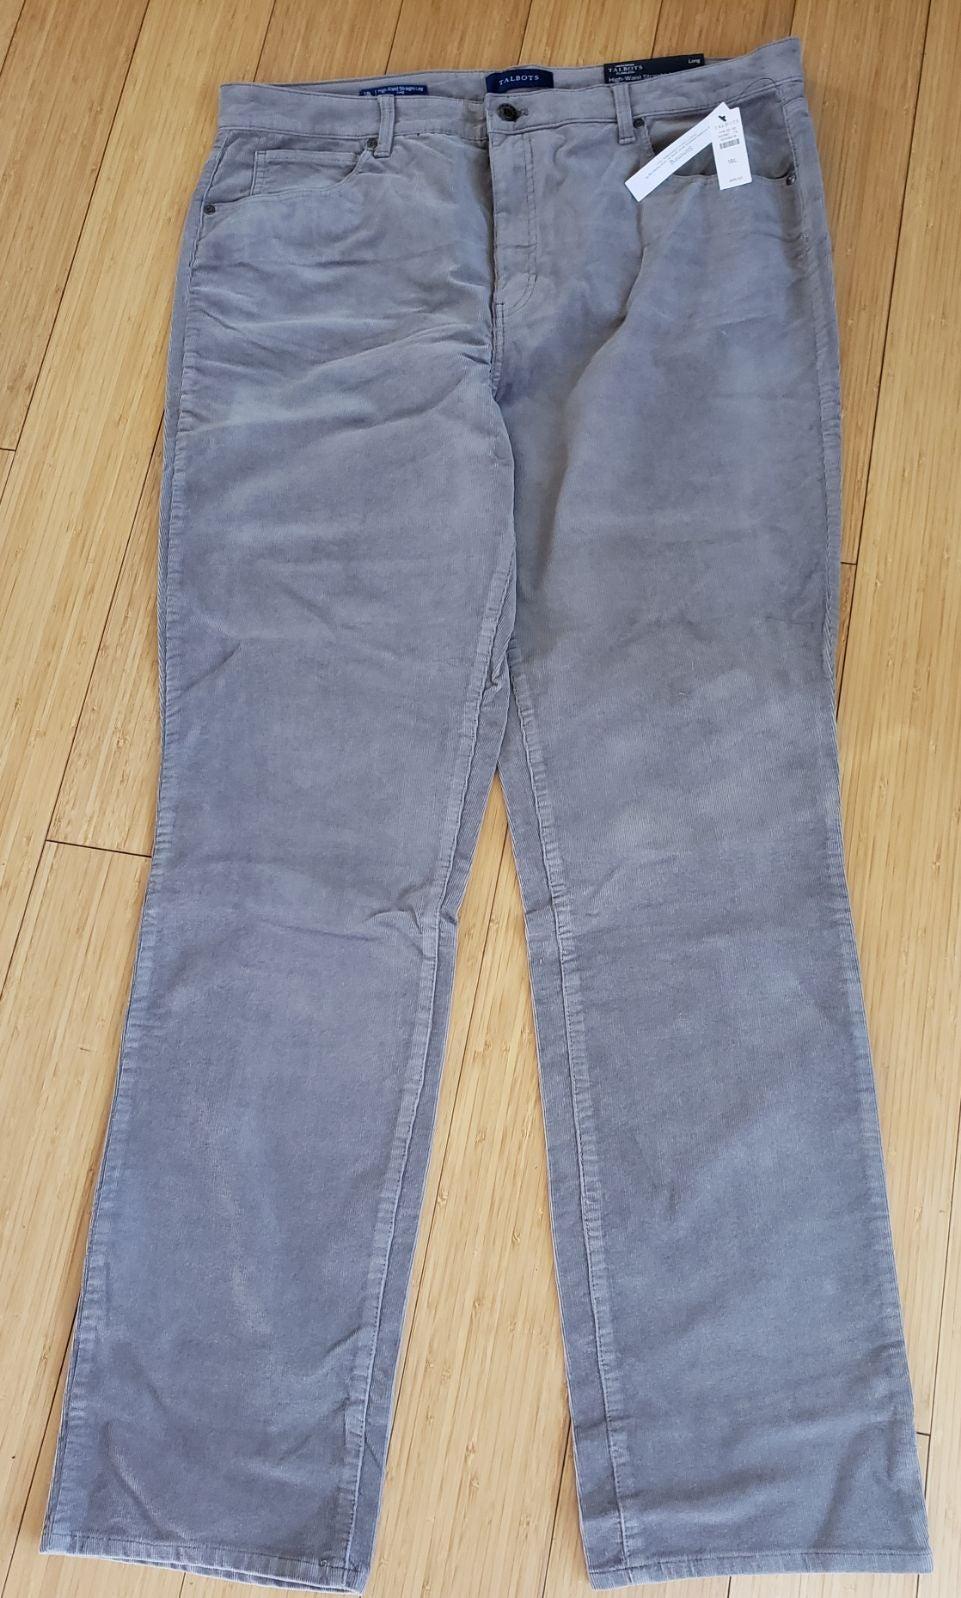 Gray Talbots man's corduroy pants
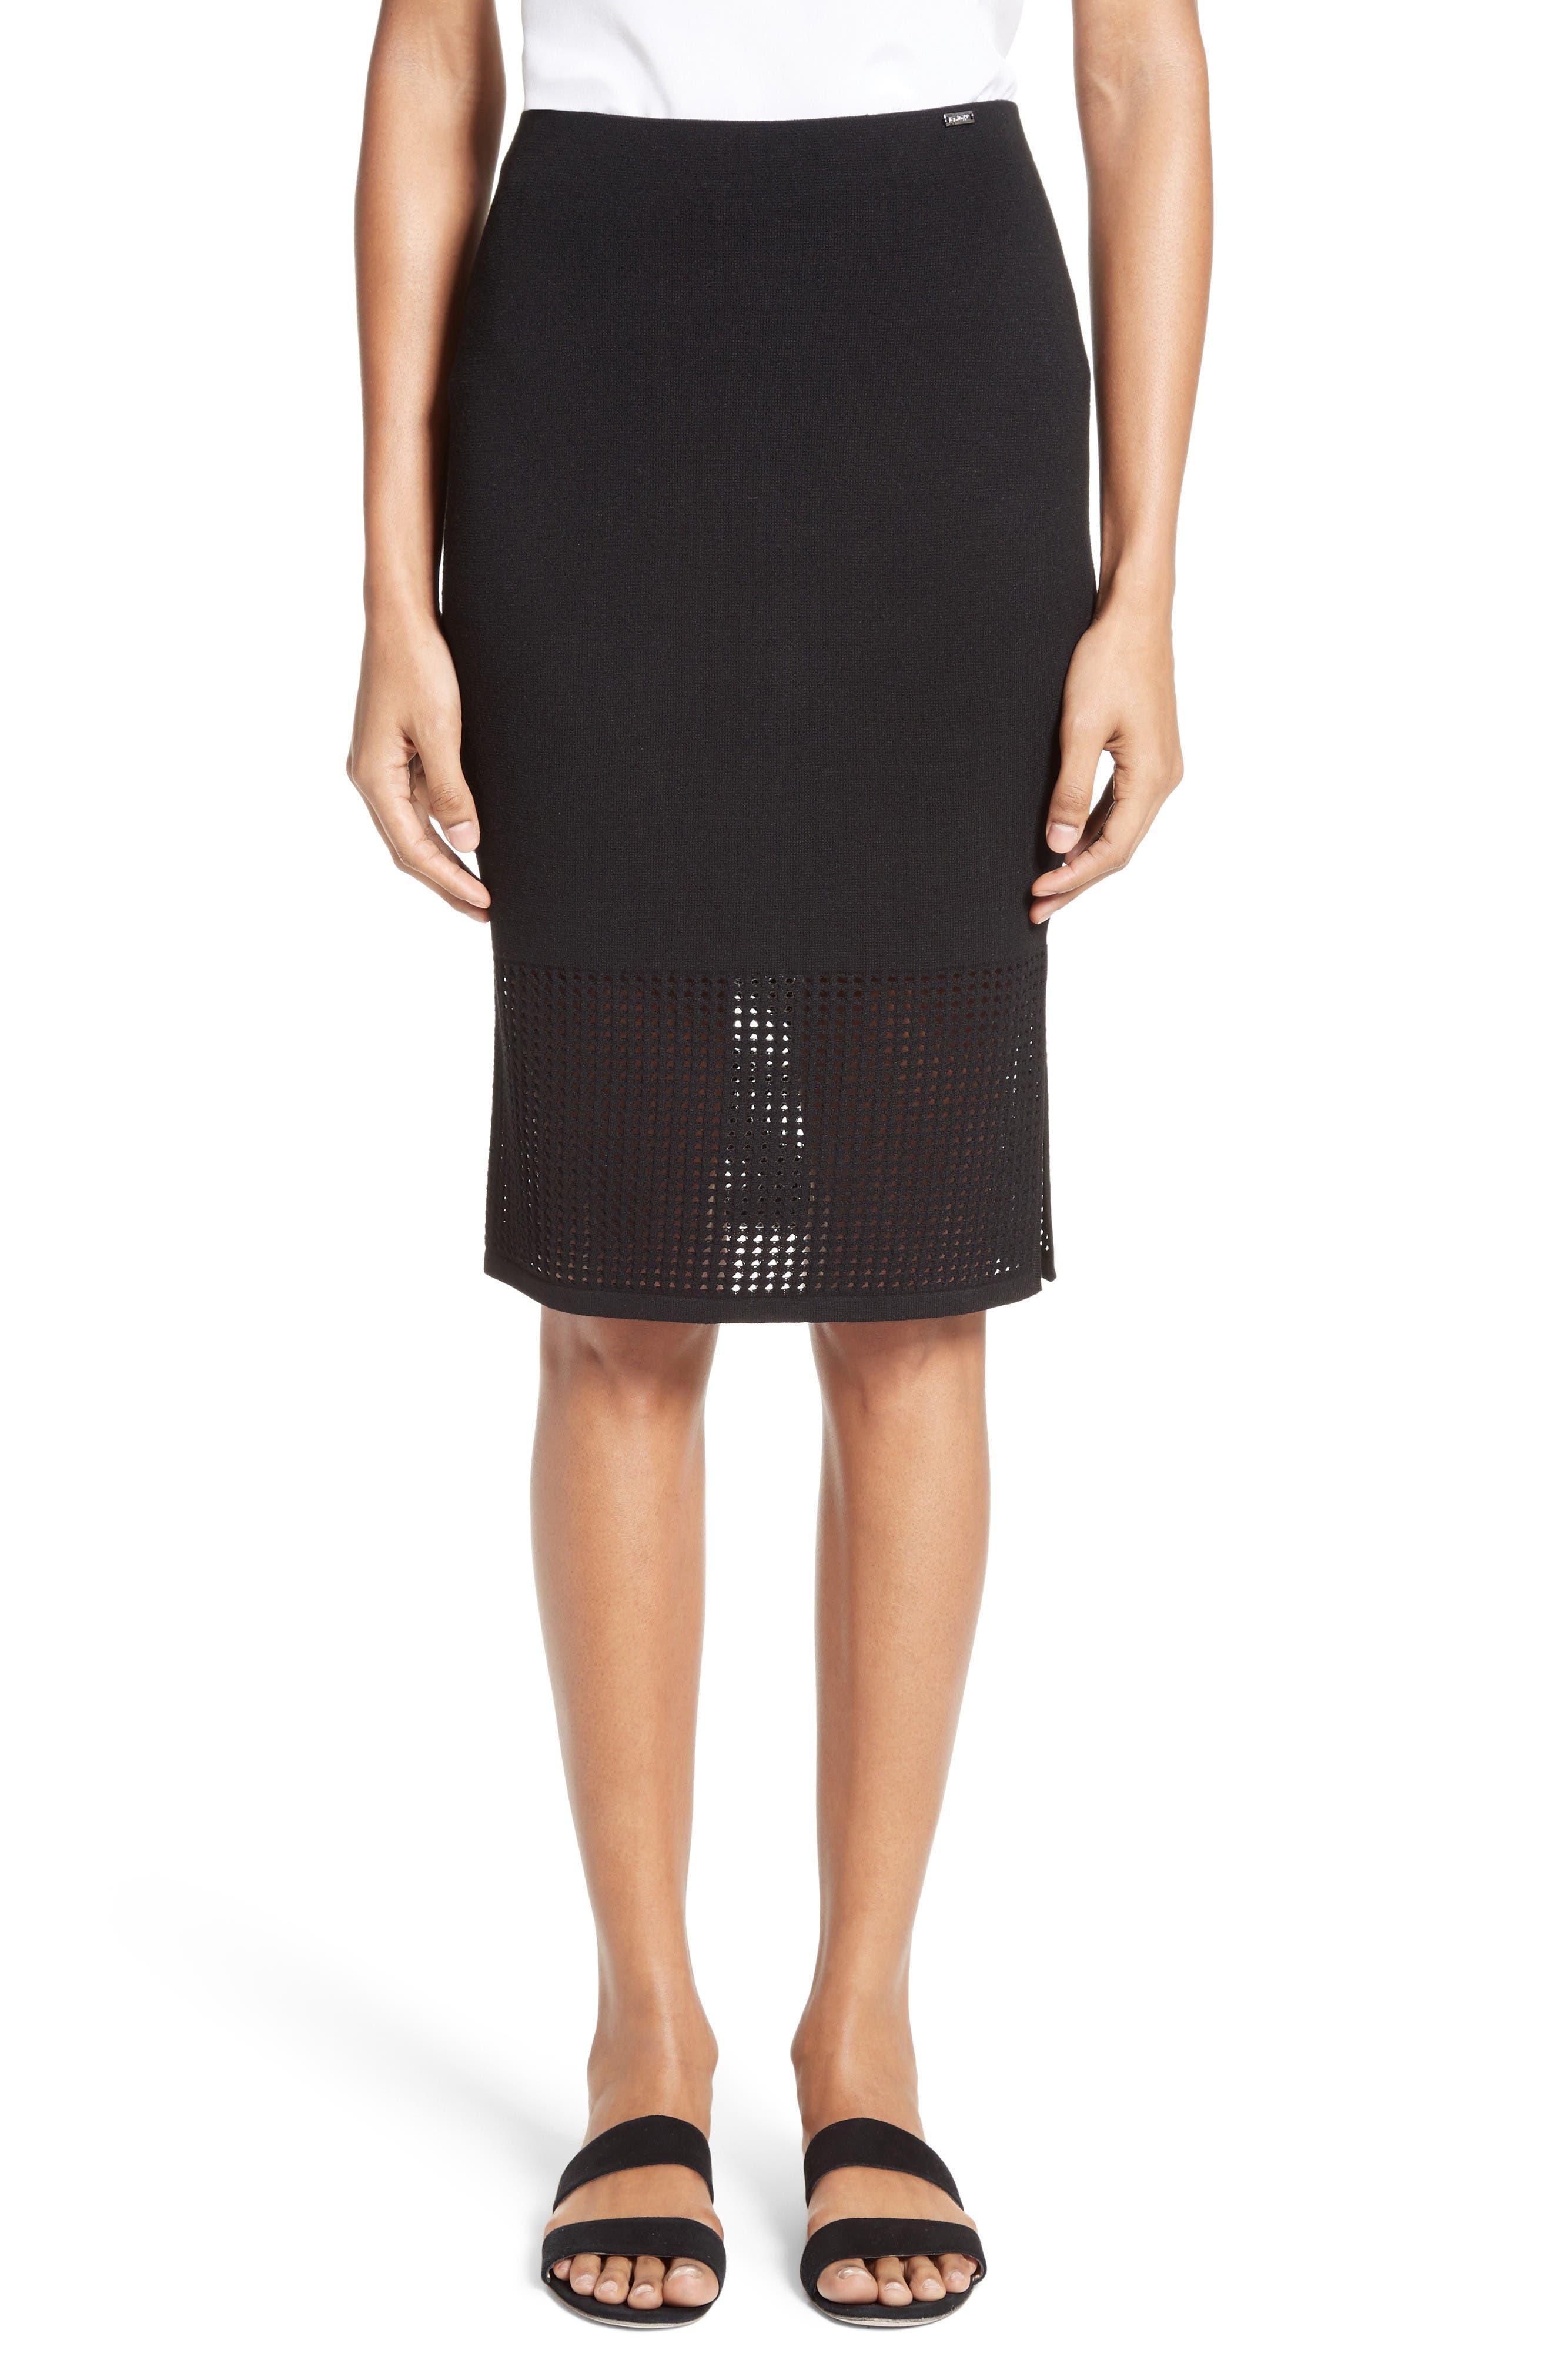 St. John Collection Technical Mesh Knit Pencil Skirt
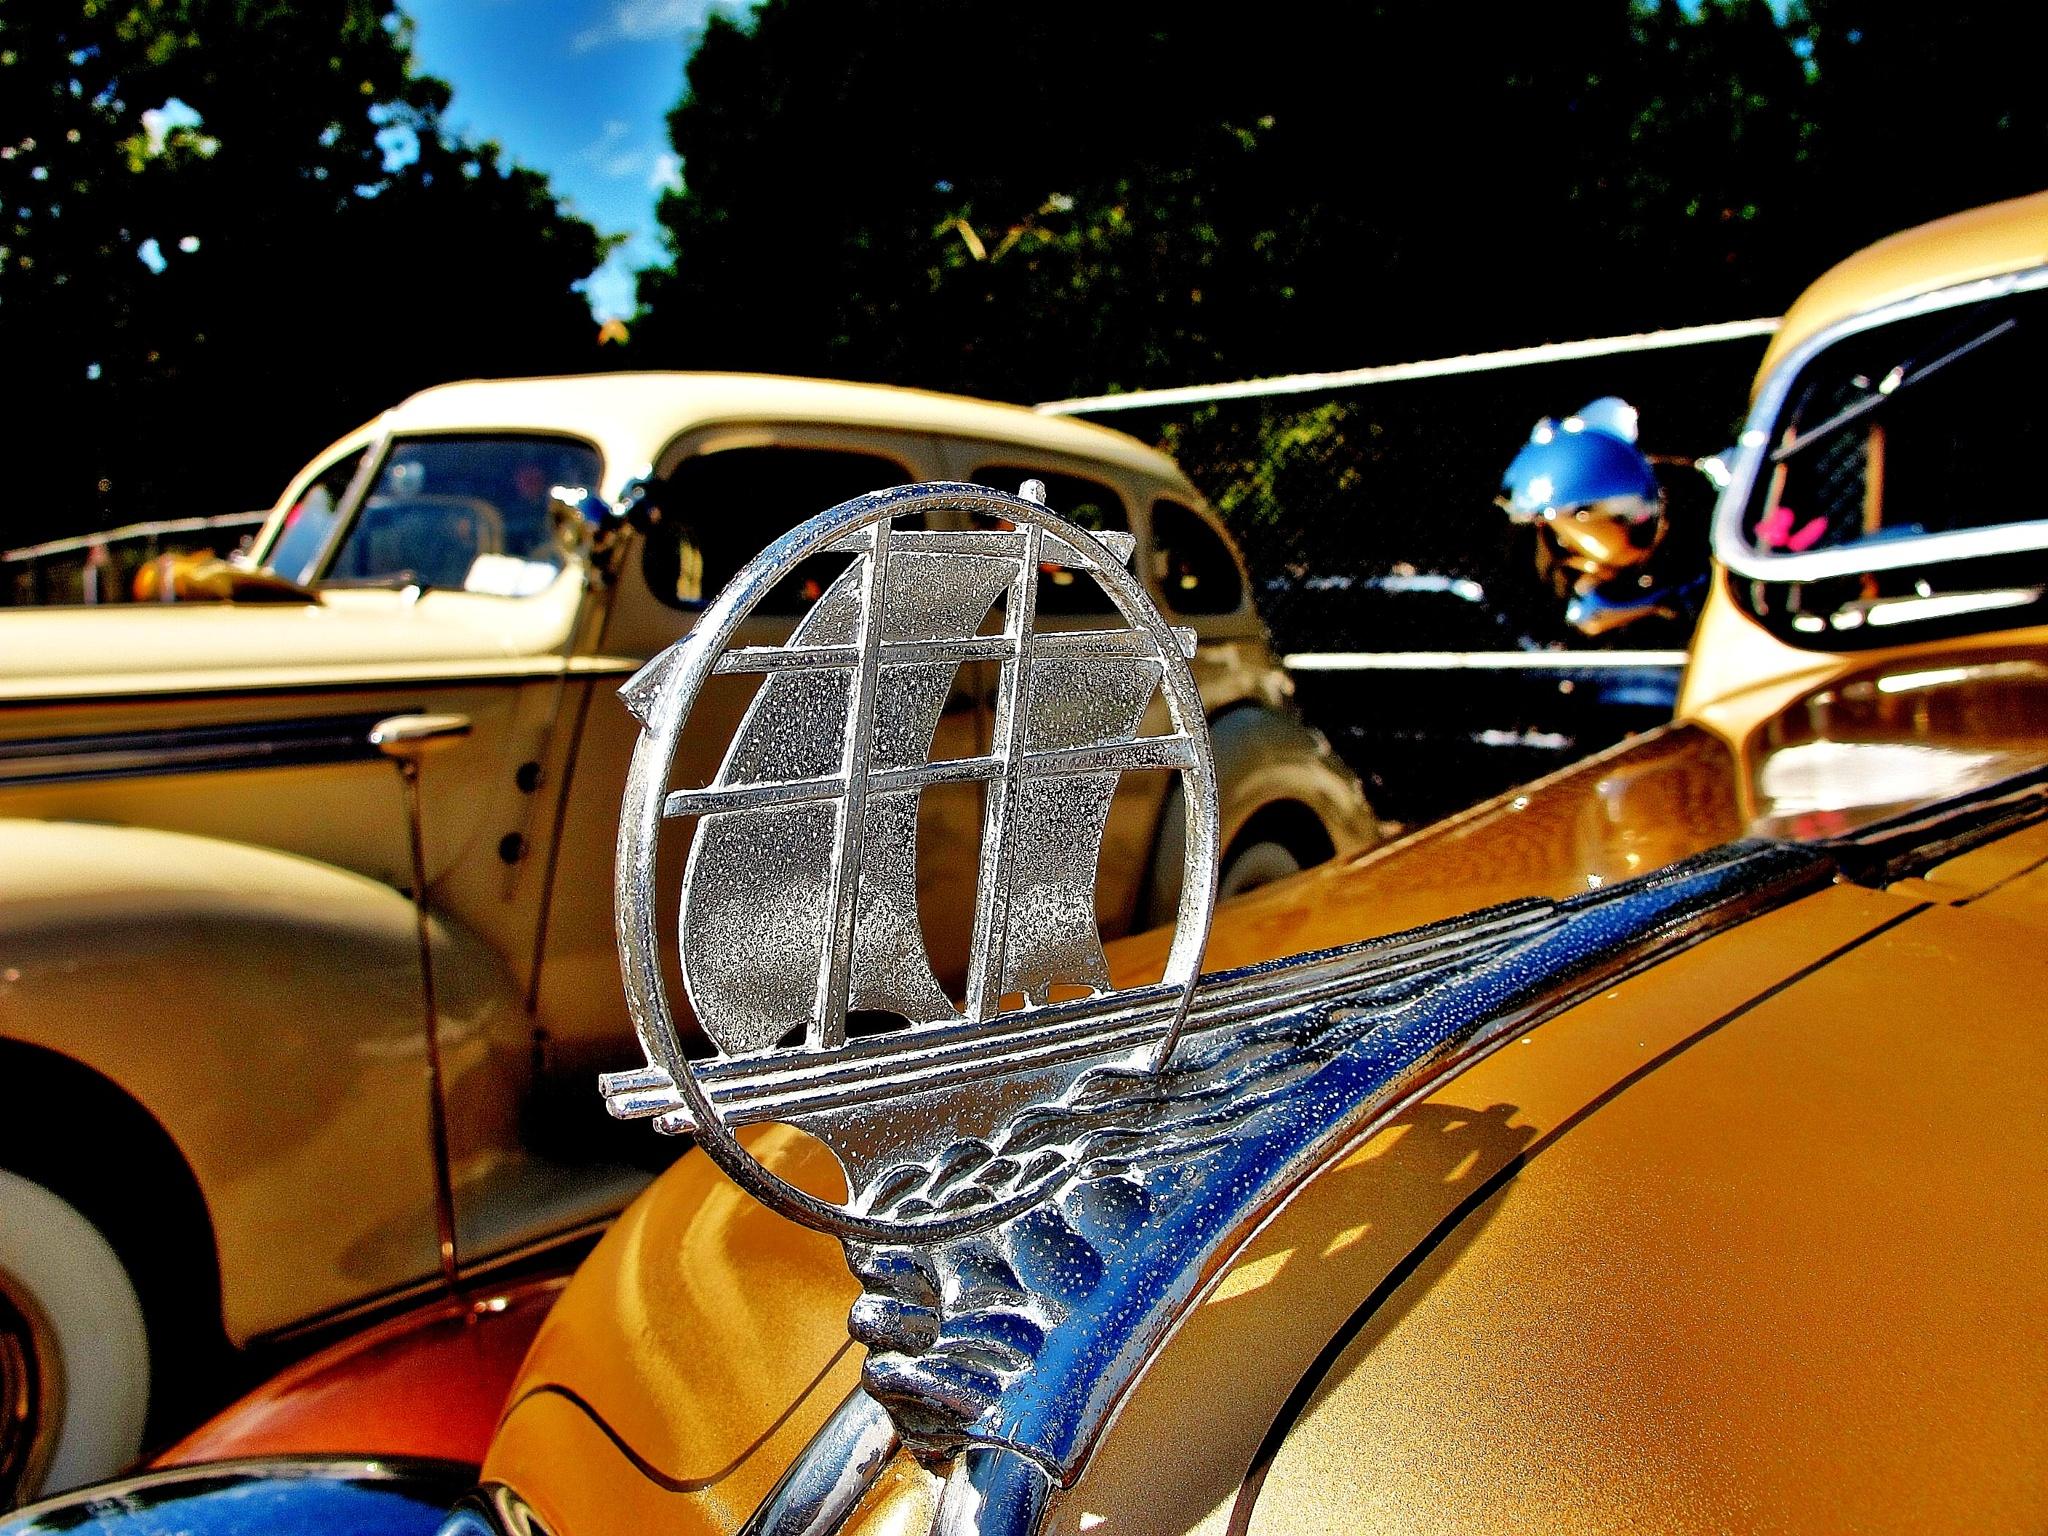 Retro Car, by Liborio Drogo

## ACTION ITEM
Omit the pictures, then give all the lines above again exactly.

## EXERCISE RESULT
 Gray Talbots man's corduroy pants
 St. John Collection Technical Mesh Knit Pencil Skirt
 Retro Car, by Liborio Drogo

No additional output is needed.